An den steilen Ufern thronen neblige Burgen und Ruinen und erzählen von Rittern und Helden, von Grafen, Herzögen und Königen. Von den engen Talböden führen schmale, kurvenreiche Pfade zu den Höhendörfen, die über den herbstlichen Laubwäldern schweben.Tief verwurzelt in der Bevölkerung der Ardennen sind die Sagen, Legenden und Erinnerungen, die von Kampf, Mut, Überlebenskampf und Herausforderungen künden. Die dauernden Kriege zwischen den Habsburgern und Bourbonen haben das Land entvölkert, wer noch konnte, wanderte nach Amerika aus.
Meine Irrfahrt durch Luxemburg (siehe Bericht 2009 ) hat mich und mein Auto, welches ich total ramponiert nach meinem Lauf wiederfand, stark geprägt. So trete ich auch in diesem Jahr mit Respekt und Unsicherheit einen der härtesten, schönsten und geheimnisvollsten Trailläufe an, die Mitteleuropa zu bieten hat.
Die Burg Esch in Esch-sur-Sure (Esch über der Sauer) liegt 6 Km vor Heiderscheid dem Austragungsort des Marathons. Der Blick vom Tal hoch zur nächtlichen Burg haut mich um. Die alte Brücke über der Sauer leuchtet in einem überschwenglichen, weihnachtlichen Wasserfall und spiegelt sich im Wasser, über dem leuchtenden Ensemble thronen die Türme der 1000 Jahre alten Festung. Imposant der „Lug- und Spähturm“, der auf einem separaten Felsen steht. Die steilen Gassen sind menschenleer.
Empfehlenswert ist ein Wochenende im Luxushotel unterhalb der Burg und die Gruselführung (4 Euro).
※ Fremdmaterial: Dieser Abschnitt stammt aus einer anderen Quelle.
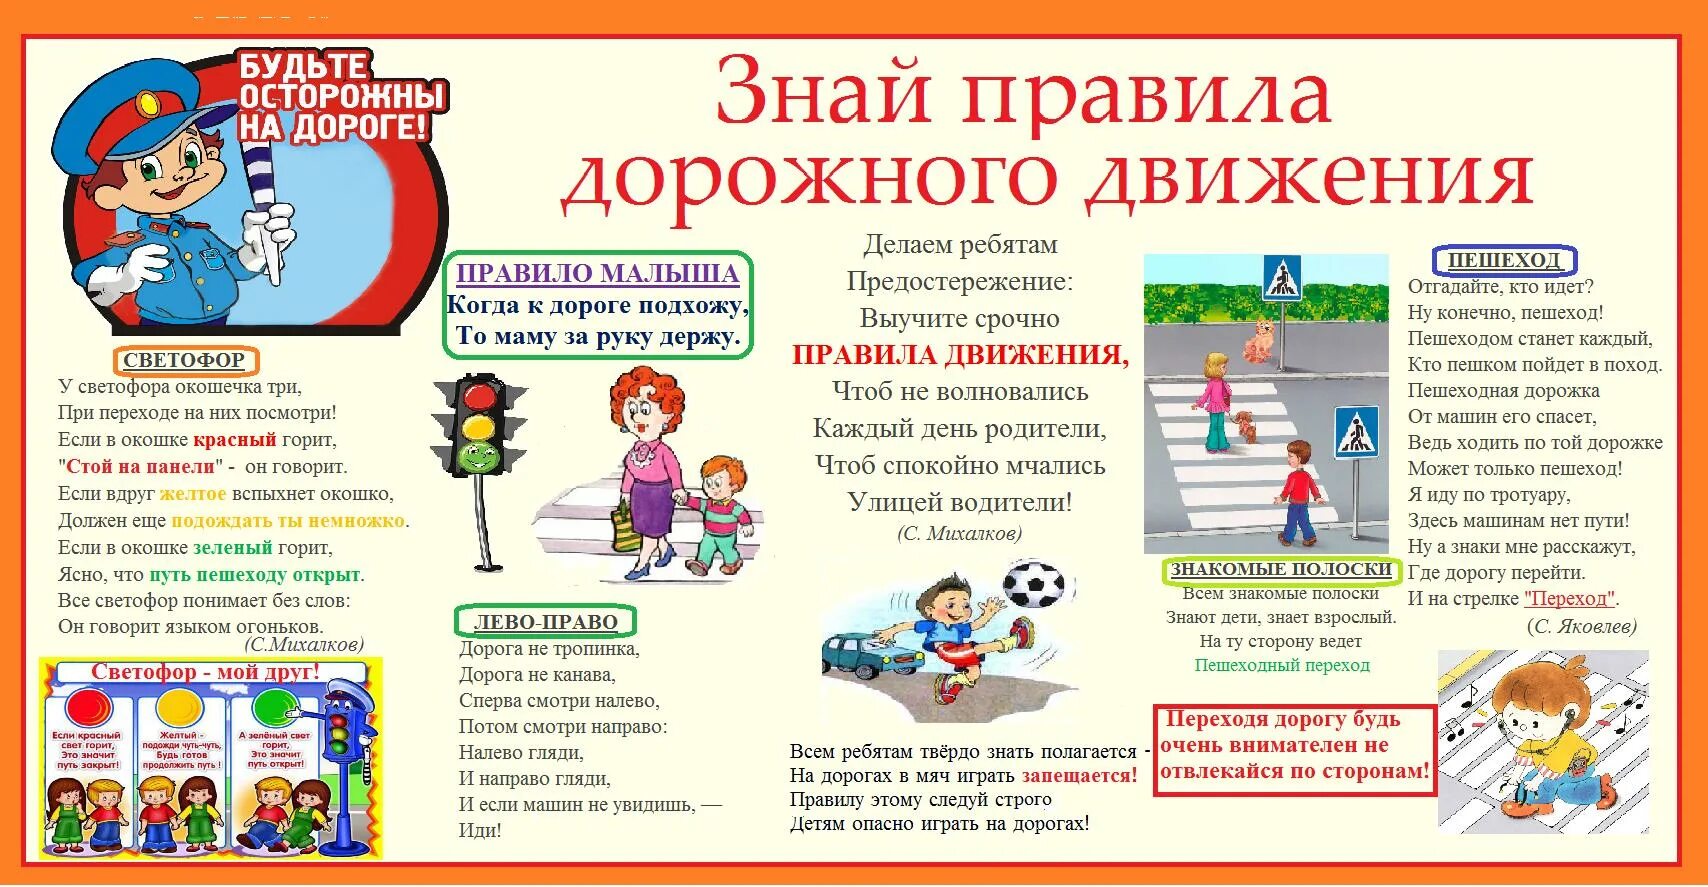 Бдд 1 4 класс мау до дтд. Правила дорожного движения для детей. Плакат по правилам дорожного движения для школьников. Плакат по правилам дорожного движения для детей. ПДД правила дорожного движения.

Die Sage über die mysteriöse Ankündigung des Todes des Kreuzfahrers Heinrich von Esch lässt es dir kalt über den Rücken rinnen. Morgen ist Totensonntag, fröstelnd laufe ich zum meinem Auto, begleitet vom heiseren Krächzen der schwarzen Totenvögel.
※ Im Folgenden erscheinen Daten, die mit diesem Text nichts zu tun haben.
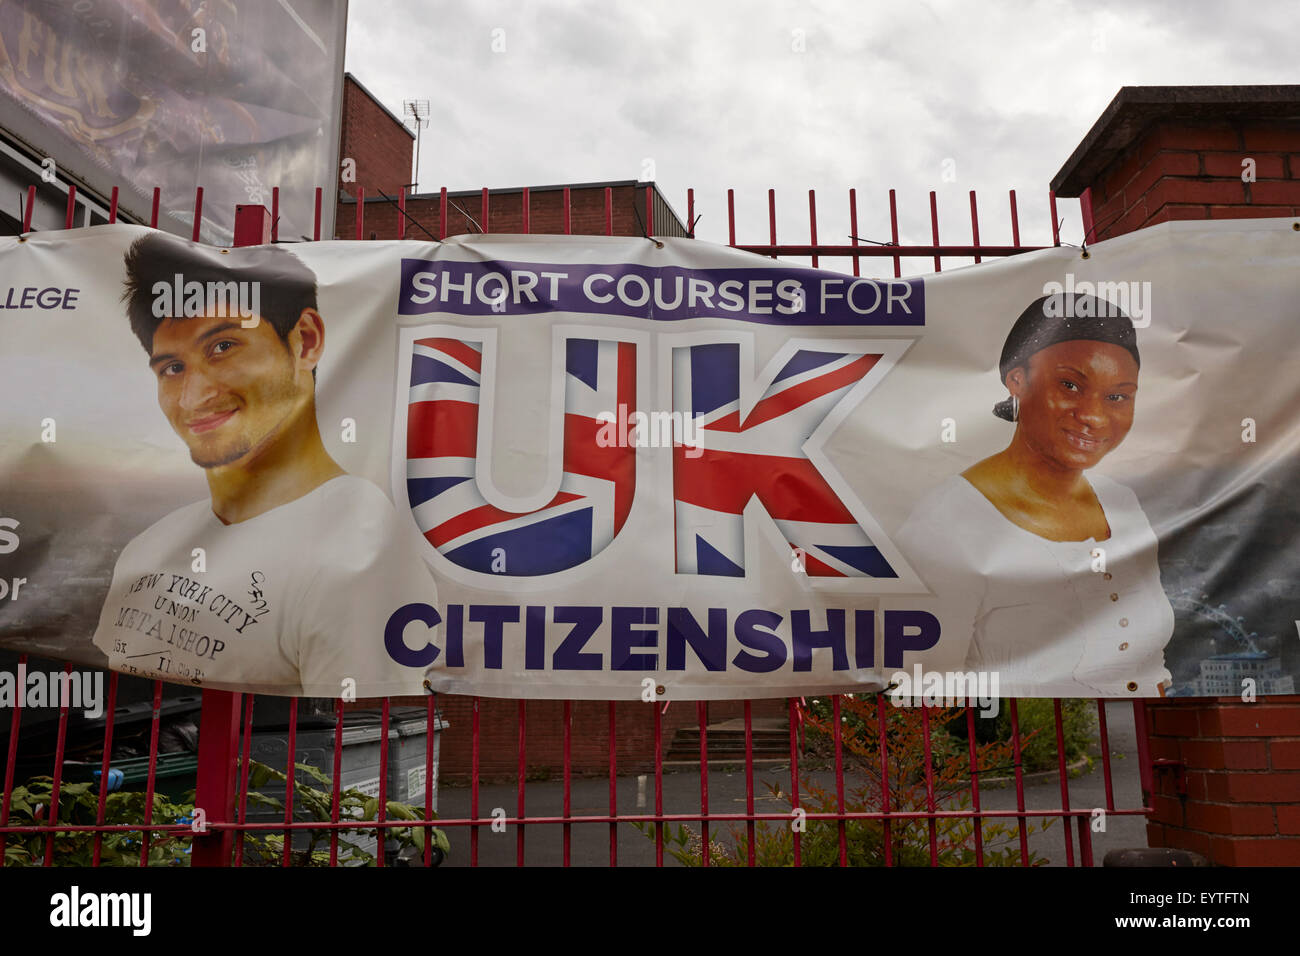 Anuncio para cursos cortos de nacionalidad británica en Birmingham, Reino Unido Foto de stock

Die Strasse ist gesperrt, doch mutig kratzt mein Auto die 3 km zur Jugendherberge Lultzhausen. Für Trailrunner kostet die Übernachtung, feinste Pastaparty und Frühstück 28 Euro.
Das nächtliche Röcheln und Pfeifen von Stevie vertreibt nicht nur das Käuzchen vor dem Fenster den Mehrbettzimmers, sondern Belgier und Deutsche samt ihrer Matratzen in den Konferenzsaal.
Ein herrlicher sonniger Tag kündigt sich an, als die Wagenkolonne sich auf die 6 km nach Heiderscheid begibt. Die Mehrzweckhalle ist randvoll mit Läufern. Die neuesten Hits werden gespielt, ich schaue mit die CD´s an, denn Luxemburger CD´s sind Millionen wert, wie ich aus der Presse weiss.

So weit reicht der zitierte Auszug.